Let $X,Y,Z$ be independent and identically distributed Bernoulli Random Variables with parameter $p$. I am looking for a way to compute the Comulative Distribution Funktion of $U=(1−X)Y+ XZ$
I have only come across easier examples where 2 simple case differentiations were enough but I can't see a simple solution for this one.
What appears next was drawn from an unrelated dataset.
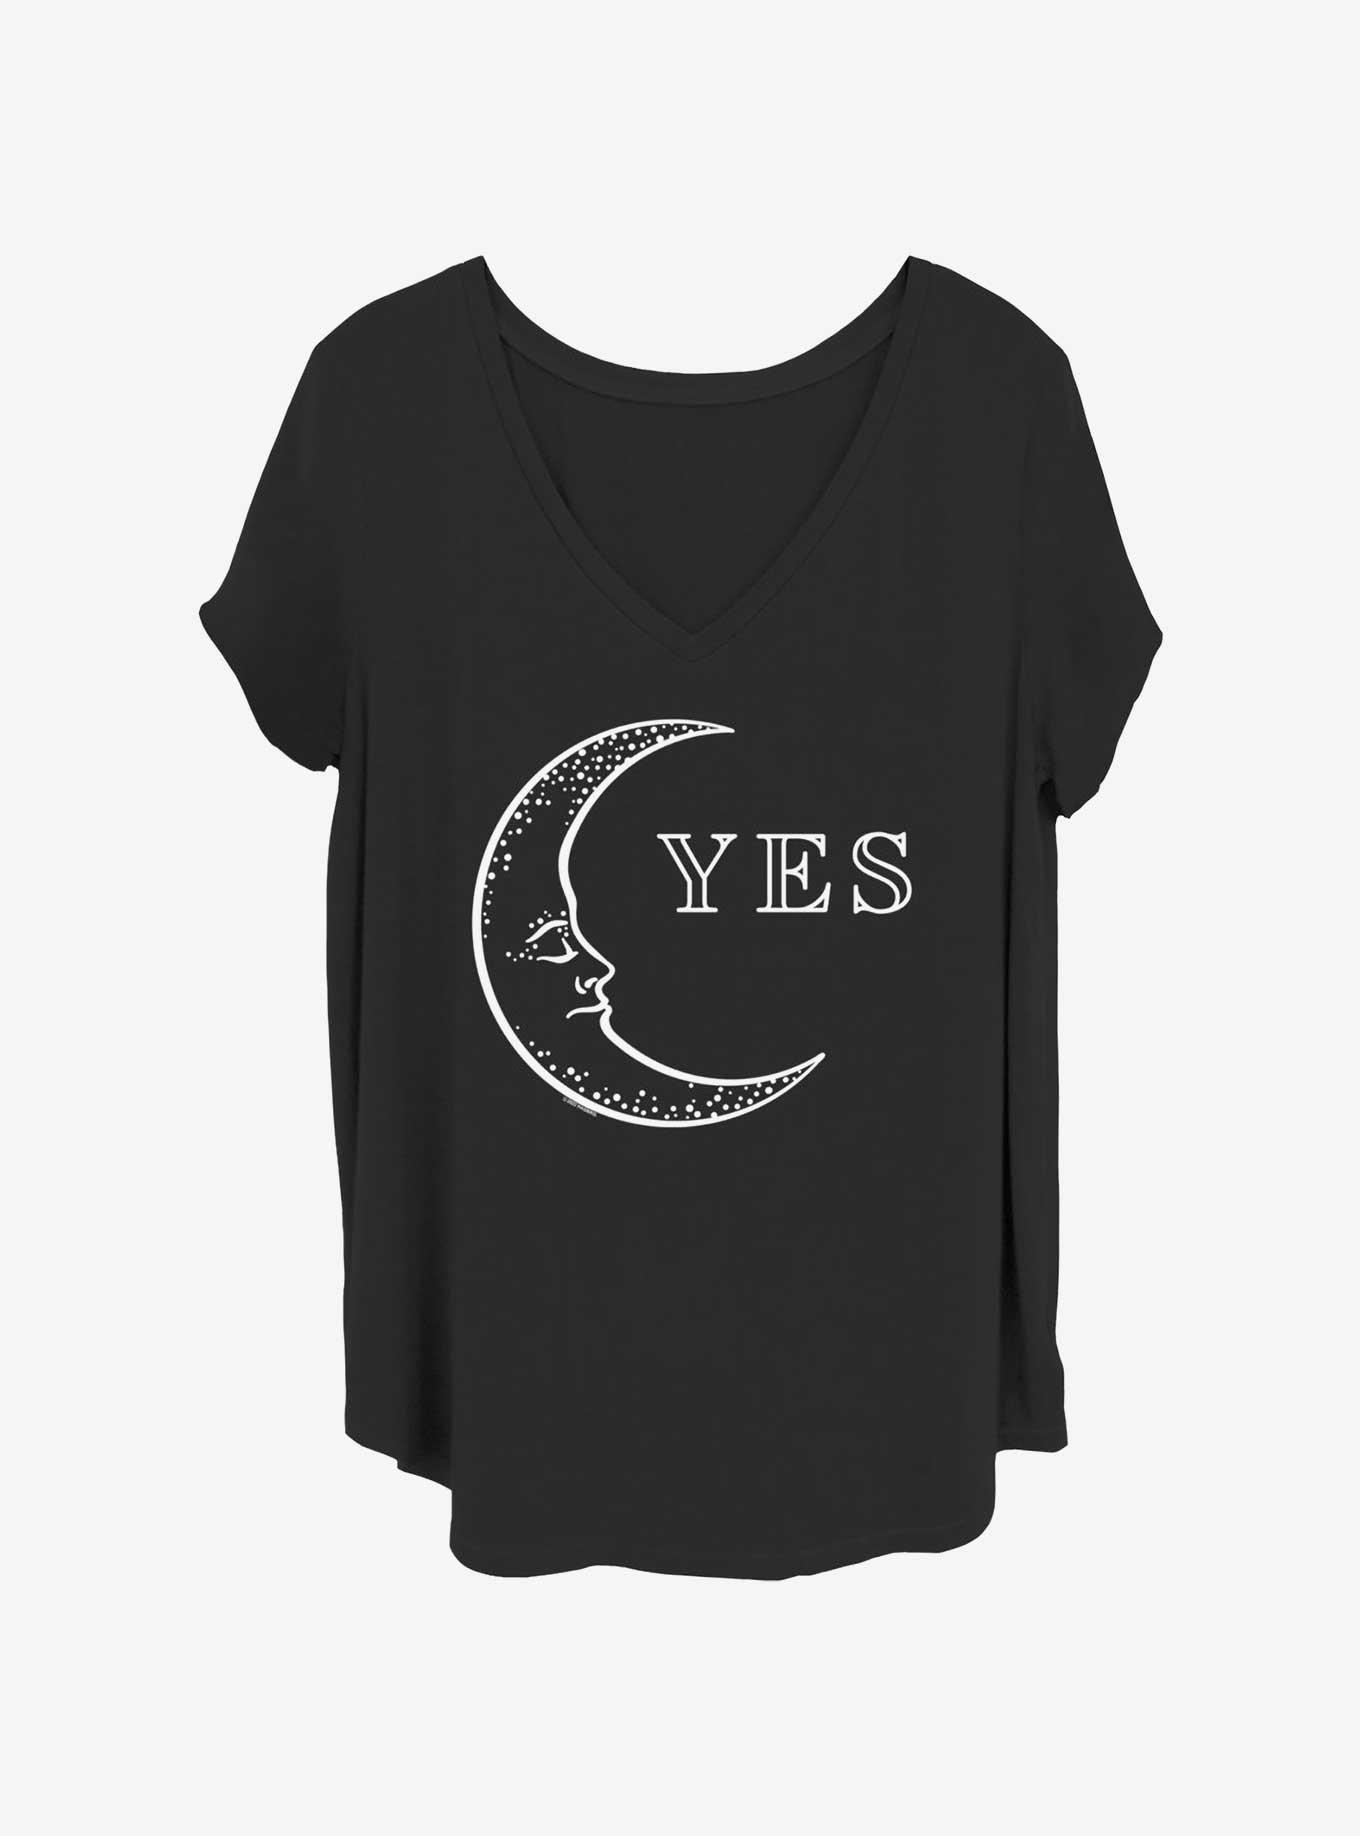 Ouija Moon Yes Girls T-Shirt Plus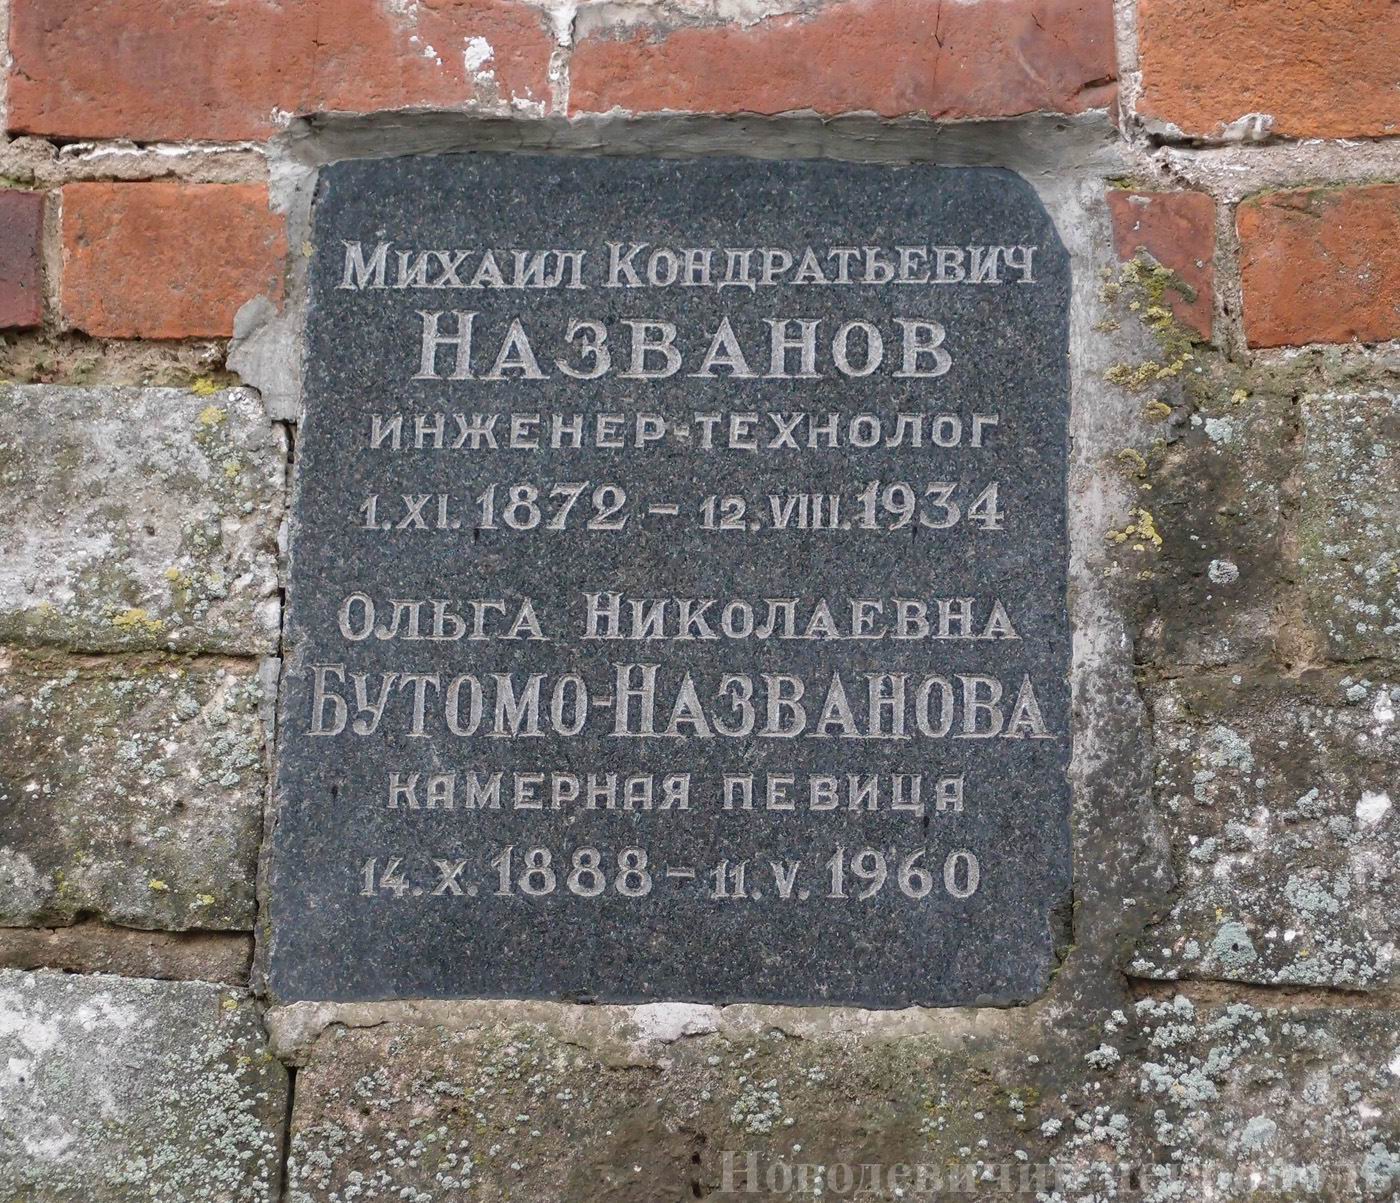 Плита на нише Названова М.К. (1872-1934) и Бутомо-Названовой О.Н. (1888-1960), на Новодевичьем кладбище (колумбарий [2]-30).

Am I missing something?
Bonus points for $\mathbb{E}[U]$ and $Var[U]$
So $U=Y$ if $X=0$ and $U=Z$ if $X=1$. So $U\in\{0,1\}$.
Thus $P(U=0)=P(X=0,Y=0)+P(X=1,Z=0)=(1-p)^2+p(1-p)=1-p$ and therefore $P(U=1)=p$.
So $E(U)=p$ and $Var(U)=E(U^2)-(E(U))^2=p-p^2=p(1-p)$.
if we condition on $X$ we can use the independence to get the following for $u \in \mathbb R$: \begin{align} \mathbb P (U \leq u) &= \mathbb P ( U \leq u \mid X=1) \cdot \mathbb P (X=1)+\mathbb P ( U \leq u \mid X=0) \cdot \mathbb P (X=0) \\ &= \mathbb P (Z \leq u \mid X=1) \cdot p+\mathbb P (Y \leq u \mid X=0) \cdot (1-p)\\ &=\mathbb P (Z \leq u) \cdot p+\mathbb P (Y \leq u) \cdot (1-p)\\ &=\begin{cases} 0\cdot p + 0 \cdot (1-p) = 0, & \text{if} \ u<0, \\ p\cdot p + p\cdot (1-p) = p, & \text{if} \ u \in [0,1), \\ 1\cdot p + 1 \cdot (1-p) = 1, &\text{if} \ u\geq 1. \end{cases} \end{align} In particular $U$ has the same distribution as $X,Y$ and $Z$. Hence $$ \mathbb{E}[U]=\mathbb{E}[X]=p, \quad Var(U)=Var(X)=p\cdot(1-p). $$